Oireachtas Joint and Select Committees

Wednesday, 13 July 2022

Joint Oireachtas Committee on European Union Affairs

Food Security in the European Union: European Commission for Agriculture and Rural Development

Mr. Michael Scannell:

I will answer the first question as I did not touch on it earlier, regarding conditionality in the €500 million package announced on 23 March. That amount can be, and in most cases was, accompanied by twice as much from national funds so €1.5 billion in total. Yes, there is conditionality. Essentially member states are expected to target those farmers most directly impacted by rising input costs, included fertiliser costs in particular. We already have reports from members states on who they targeted accordingly. It was mostly those in the livestock industry because they were very hard hit by very sharp increases in animal feed costs. Cereals producers on the other hand, even though fertiliser and energy costs have risen sharply, benefited from even sharper increases in producer prices. By and large, the livestock sector seemed to have been the biggest beneficiary across all the member states. We will produce a report in due course on the overall take-up etc. The conditionality requirements left much of the flexibility to the member states. Frankly, we in the Commission are around a long time and we accept the situation varies enormously from one member state to another, from one sector to another, and indeed even within sectors.

We accept that the situation varies enormously from one member state to another, from one sector to another and even within sectors. There is no single one-size-fits-all approach. Member states have to be given sufficient flexibility to allow them to target who is most deserving of support. I have heard nothing to suggest that they have abused that flexibility. Hopefully I will not be disappointed when we get around to checking how they spent it.

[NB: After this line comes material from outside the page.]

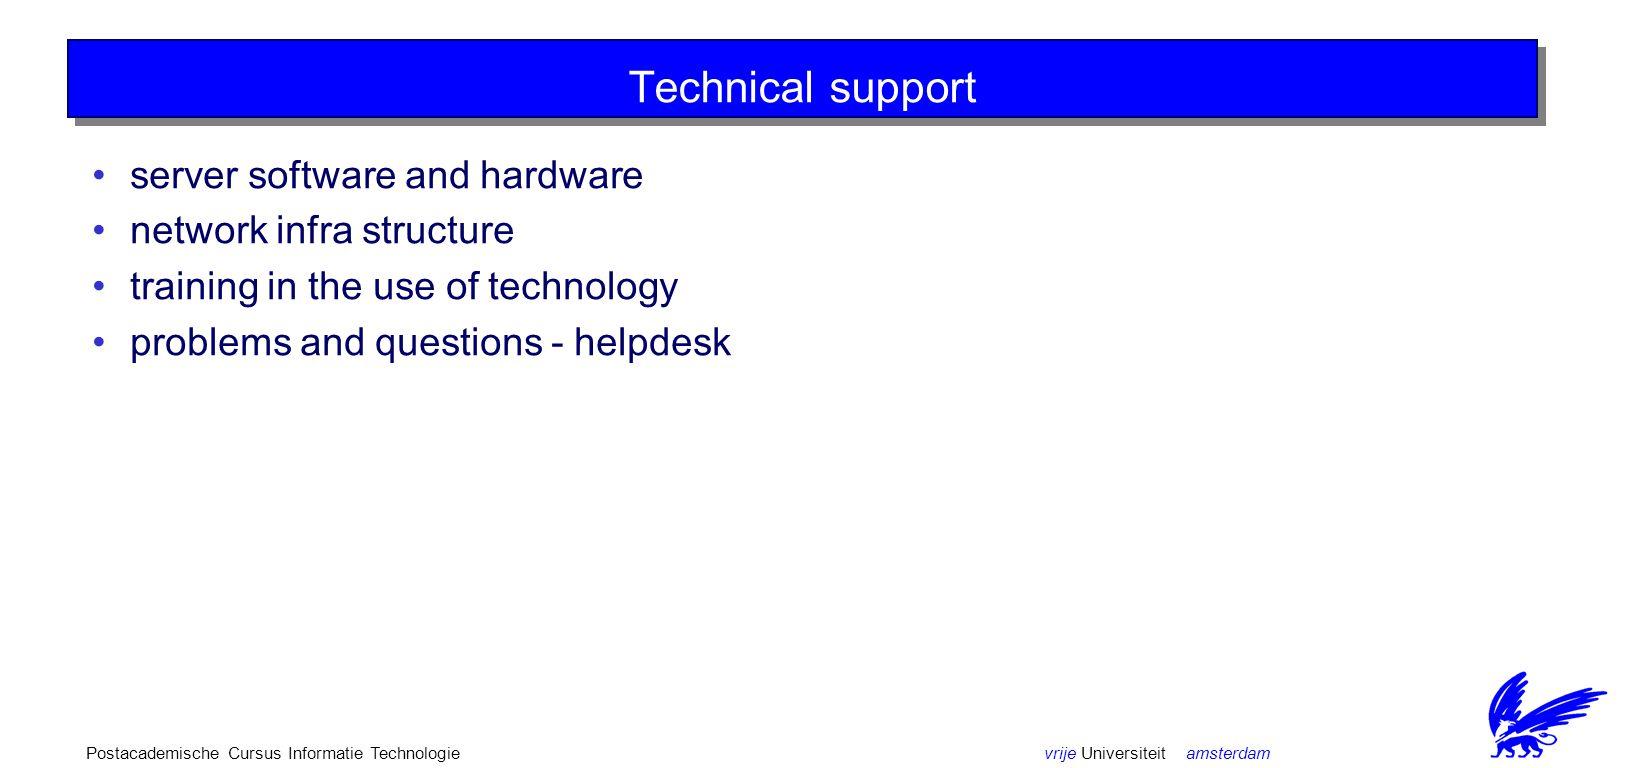 vrije Universiteit amsterdamPostacademische Cursus Informatie Technologie Server software and hardware - Q/A.

On the issue of how we reorient our systems, Ireland was mentioned specifically. It comes back to the CAP strategic plan, which is perhaps the single biggest reform of the CAP. We are giving member states the flexibility to design their own agrifood production systems within the framework of the CAP, adapted to their own needs and challenges. That includes climate change and sustainability. Deputy Calleary would be familiar with this from his time as Minister for Agriculture, Food and the Marine. Ireland has in its own hands the instruments to design a system that is fit for Ireland. We in the Commission have an obligation to ensure that conforms to the overall structure and is consistent and coherent with what other member states are doing. There is an obligation on all of us to ensure it fits in within the wider Green Deal, Farm to Fork, Fit for 55 objectives, that is, creating a sustainable agrifood production system that will keep us fed without excessive contributions to greenhouse gas emissions. That is a big challenge but it has to be met because if we fail on that at member state level or EU level, the consequences will be huge, including for food production. Food sustainability and food security are not opposites. They are entirely complementary to one another. If we fail at one we will fail at the other.

On the message to hill farmers and suckler farmers, the big strength of those sectors in terms of CAP sustainability is that, apart from contributing to food supply, they are extremely rich in their contribution to biodiversity and rural development. Sustainability is not only about economics. We would stress this. There are three pillars, namely, the economic, the social and the environmental. These sectors contribute hugely to the social and environmental pillars, as well as the quality dimension. If I were working in any of these sectors I would be very proud of what I was doing. They should be proud and they should be supported in what they are doing. Sometimes they feel they are being ignored but that is not the case and should not be the case. That would be a big mistake.

Regarding what single issue would help, I already mentioned stopping the war in Ukraine. That would help hugely. Putting that aside, the answer is innovation, basically. Unless our agrifood production systems and our society in general become much more innovative in how we deal with and use energy, find alternatives and deal with climate change, we are going to be in huge trouble. The CAP reform puts a very heavy stress on innovation because traditionally and historically it is always innovation that has come to the rescue. If we are to move to systems that use less fertiliser and fewer plant protection products, we are going to have to find new technologies that allow us to meet these objectives. In other words, we need innovation.